- EXERCISE AIM: Set down exactly, with nothing added, the lines from the one containing "FAIZA YAHIA LIDER DE LA MUJER ISLAMICA" through the end of the entries.

- RECORDS SUPPLIED:
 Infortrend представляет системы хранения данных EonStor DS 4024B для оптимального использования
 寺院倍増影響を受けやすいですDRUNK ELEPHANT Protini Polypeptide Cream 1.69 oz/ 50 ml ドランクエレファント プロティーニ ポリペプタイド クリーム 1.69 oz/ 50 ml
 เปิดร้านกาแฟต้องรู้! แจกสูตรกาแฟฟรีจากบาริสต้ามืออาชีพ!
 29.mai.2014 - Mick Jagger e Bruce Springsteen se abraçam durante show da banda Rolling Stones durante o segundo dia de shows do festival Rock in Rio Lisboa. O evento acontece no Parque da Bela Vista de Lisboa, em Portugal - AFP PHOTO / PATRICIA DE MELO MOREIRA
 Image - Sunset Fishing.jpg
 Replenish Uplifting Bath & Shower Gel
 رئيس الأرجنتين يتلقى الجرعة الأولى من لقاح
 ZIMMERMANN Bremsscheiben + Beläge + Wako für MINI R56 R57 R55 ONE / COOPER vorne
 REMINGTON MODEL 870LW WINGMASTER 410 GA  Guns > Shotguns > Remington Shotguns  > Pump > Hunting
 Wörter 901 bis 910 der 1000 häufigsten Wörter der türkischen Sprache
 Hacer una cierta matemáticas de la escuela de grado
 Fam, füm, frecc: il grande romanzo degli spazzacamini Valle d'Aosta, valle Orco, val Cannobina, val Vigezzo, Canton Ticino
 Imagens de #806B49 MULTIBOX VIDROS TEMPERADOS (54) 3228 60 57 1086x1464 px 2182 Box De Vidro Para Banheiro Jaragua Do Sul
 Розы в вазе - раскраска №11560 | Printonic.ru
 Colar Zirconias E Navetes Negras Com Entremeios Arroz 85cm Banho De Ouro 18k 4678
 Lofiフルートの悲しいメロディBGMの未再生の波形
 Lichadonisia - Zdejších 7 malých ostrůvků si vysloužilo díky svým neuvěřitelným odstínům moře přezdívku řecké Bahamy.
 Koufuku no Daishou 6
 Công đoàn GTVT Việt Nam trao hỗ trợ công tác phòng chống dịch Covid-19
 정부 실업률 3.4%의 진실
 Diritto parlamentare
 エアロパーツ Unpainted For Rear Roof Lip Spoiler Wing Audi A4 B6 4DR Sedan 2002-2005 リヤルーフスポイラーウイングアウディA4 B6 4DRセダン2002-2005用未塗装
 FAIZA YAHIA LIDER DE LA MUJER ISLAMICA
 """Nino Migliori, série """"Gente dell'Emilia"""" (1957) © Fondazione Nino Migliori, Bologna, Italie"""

- TASK ANSWER:
 FAIZA YAHIA LIDER DE LA MUJER ISLAMICA
 """Nino Migliori, série """"Gente dell'Emilia"""" (1957) © Fondazione Nino Migliori, Bologna, Italie"""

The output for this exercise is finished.